◆ Directions for this task ◆
Copy the listing below in full and skip every picture.

◆ Dataset extract ◆
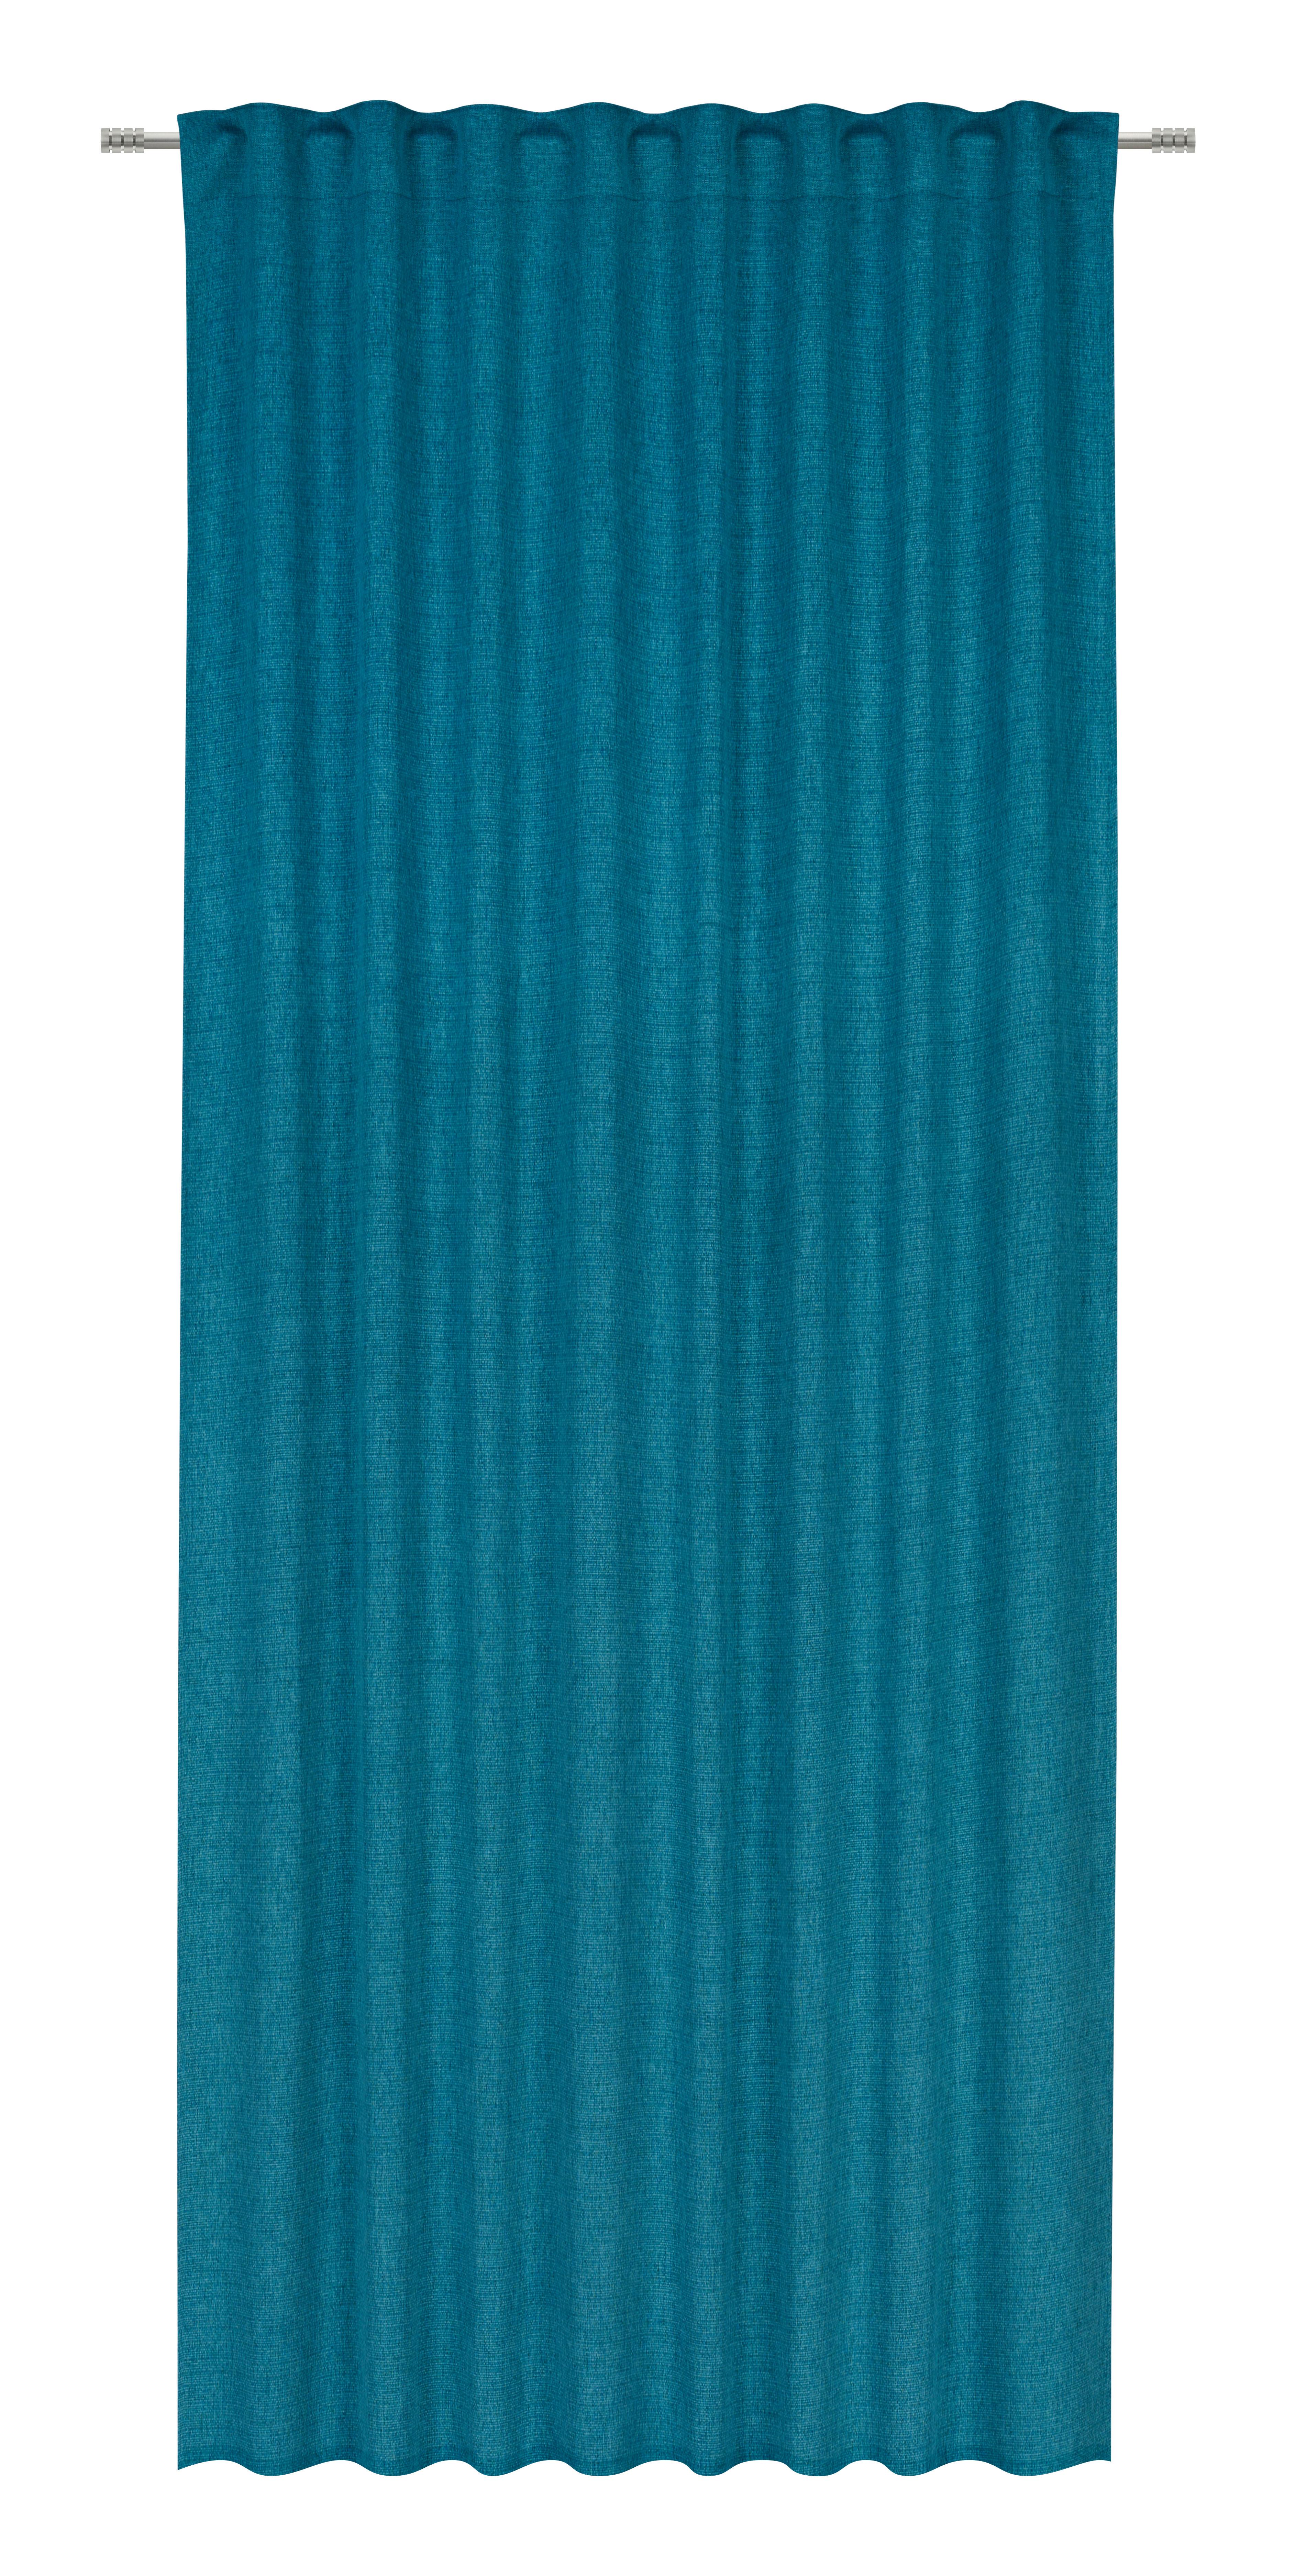 Verdunkelungsvorhang Anna - Petrol, ROMANTIK / LANDHAUS, Textil (135/245cm) - James Wood
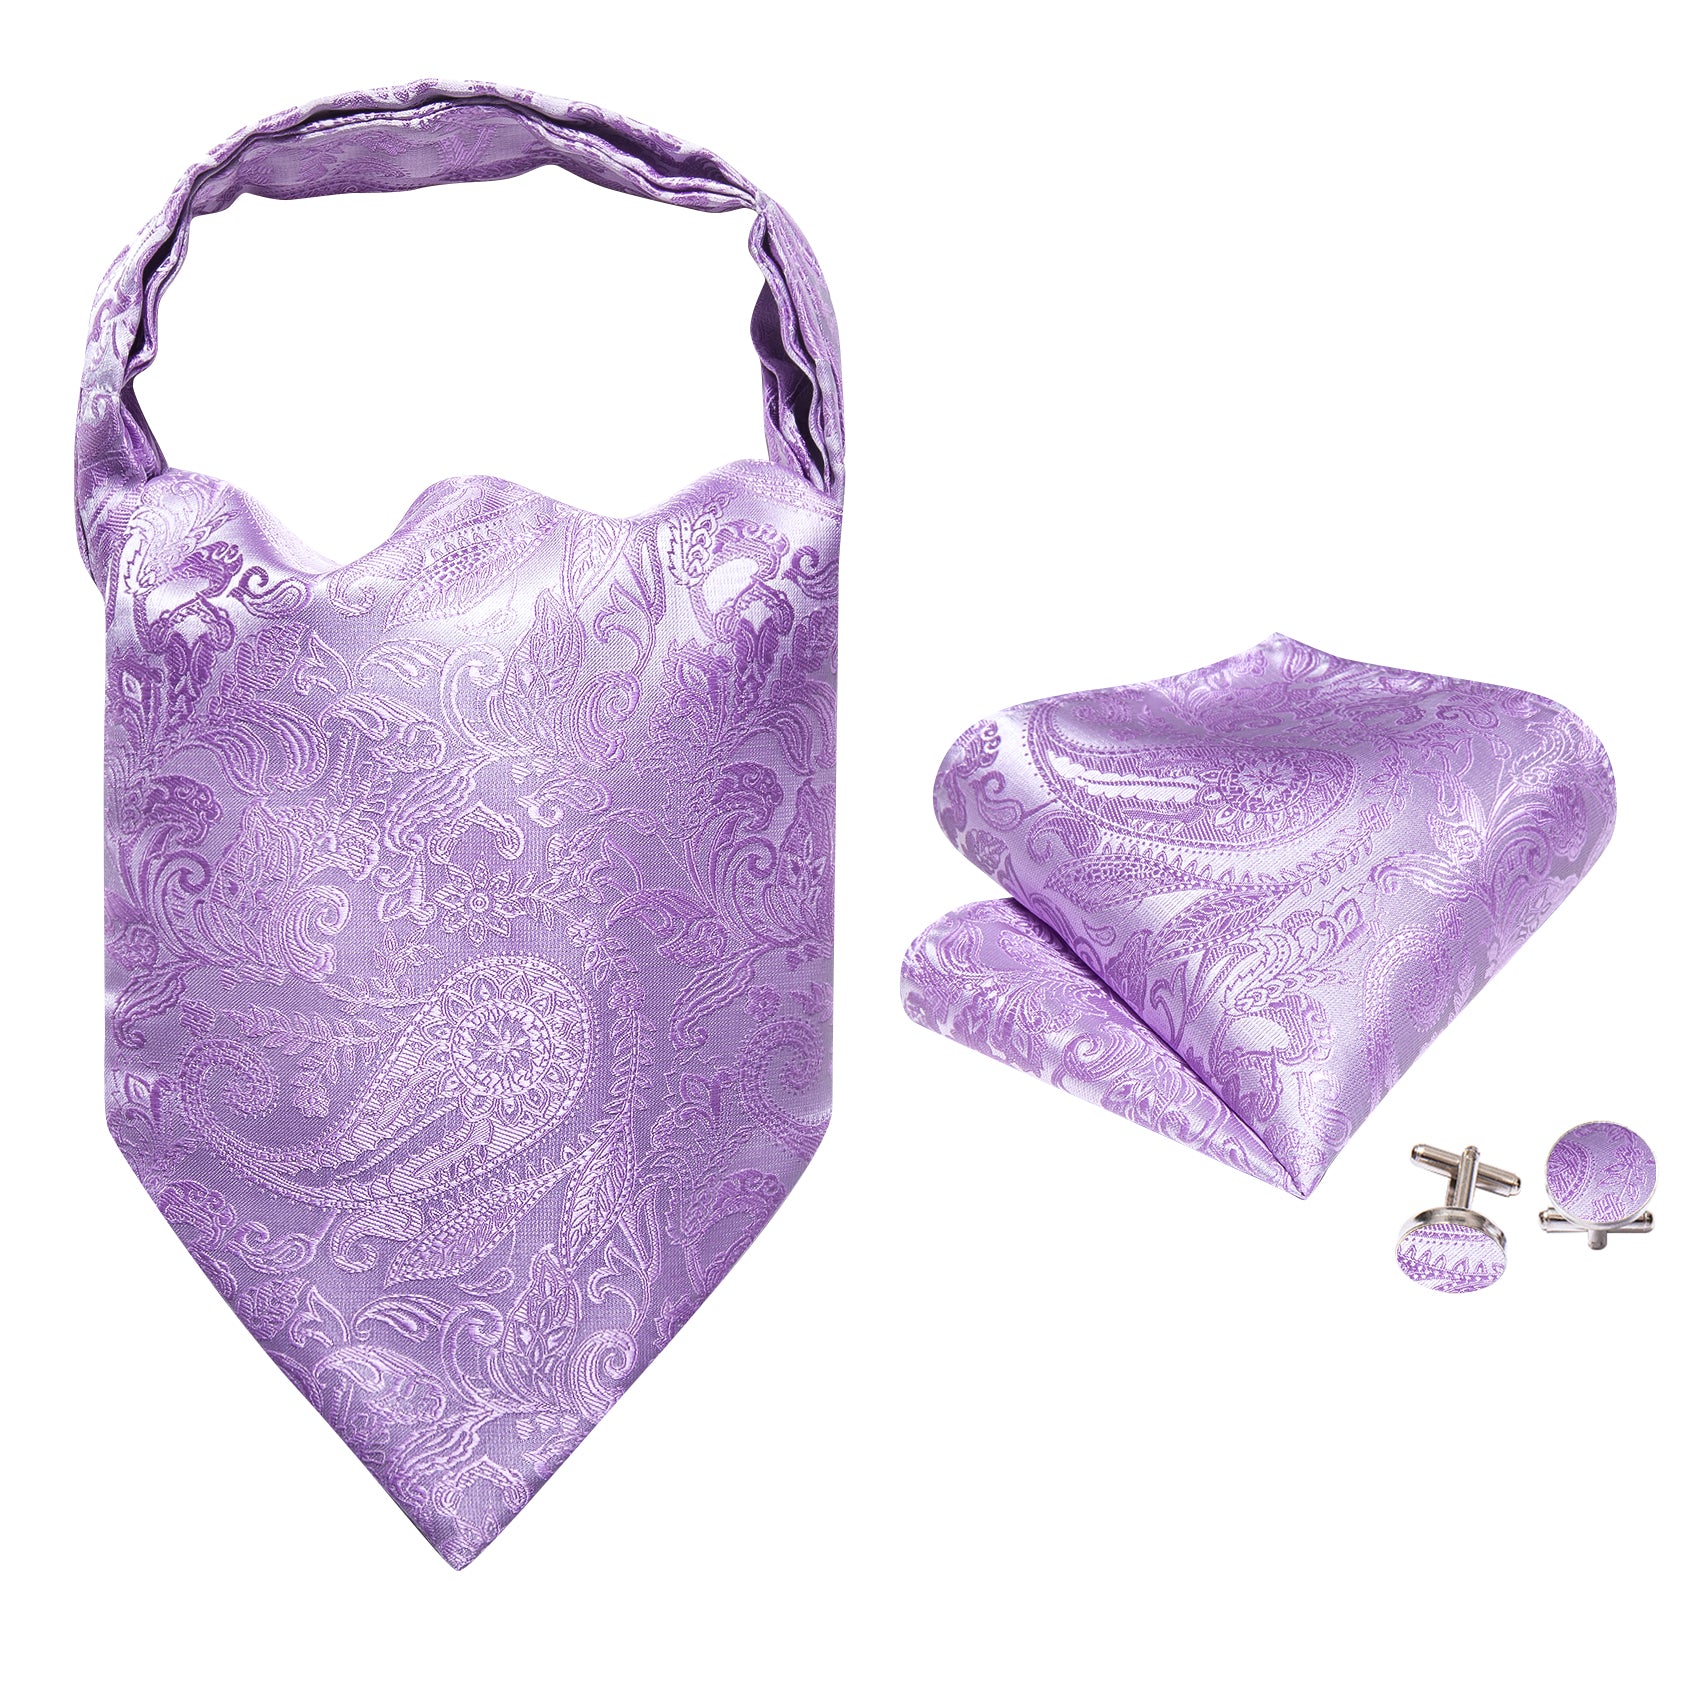 Purple Paisley Silk Ascot Handkerchief Cufflinks
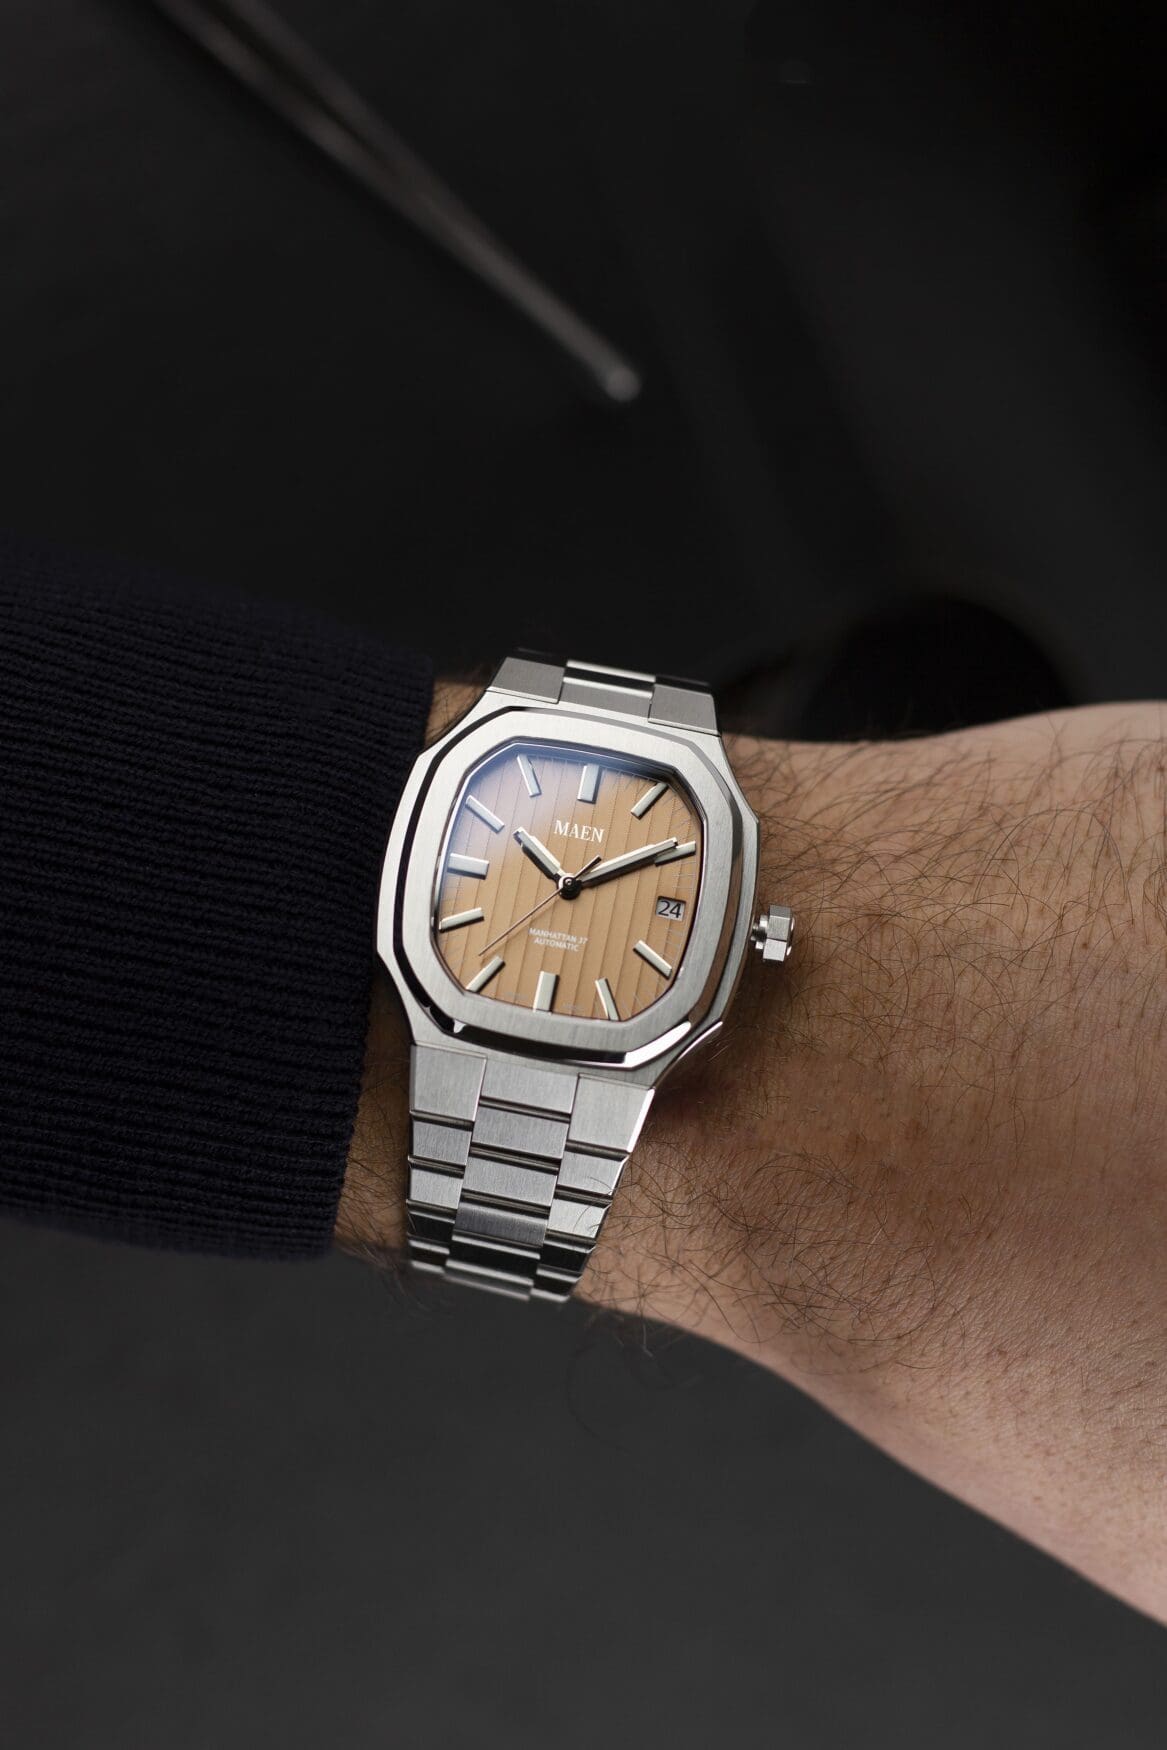 Maen Manhattan 37 is an integrated-bracelet watch at a great price

◆ Result ◆
 Verdunkelungsvorhang Anna - Petrol, ROMANTIK / LANDHAUS, Textil (135/245cm) - James Wood
 Purple Paisley Silk Ascot Handkerchief Cufflinks
 Maen Manhattan 37 is an integrated-bracelet watch at a great price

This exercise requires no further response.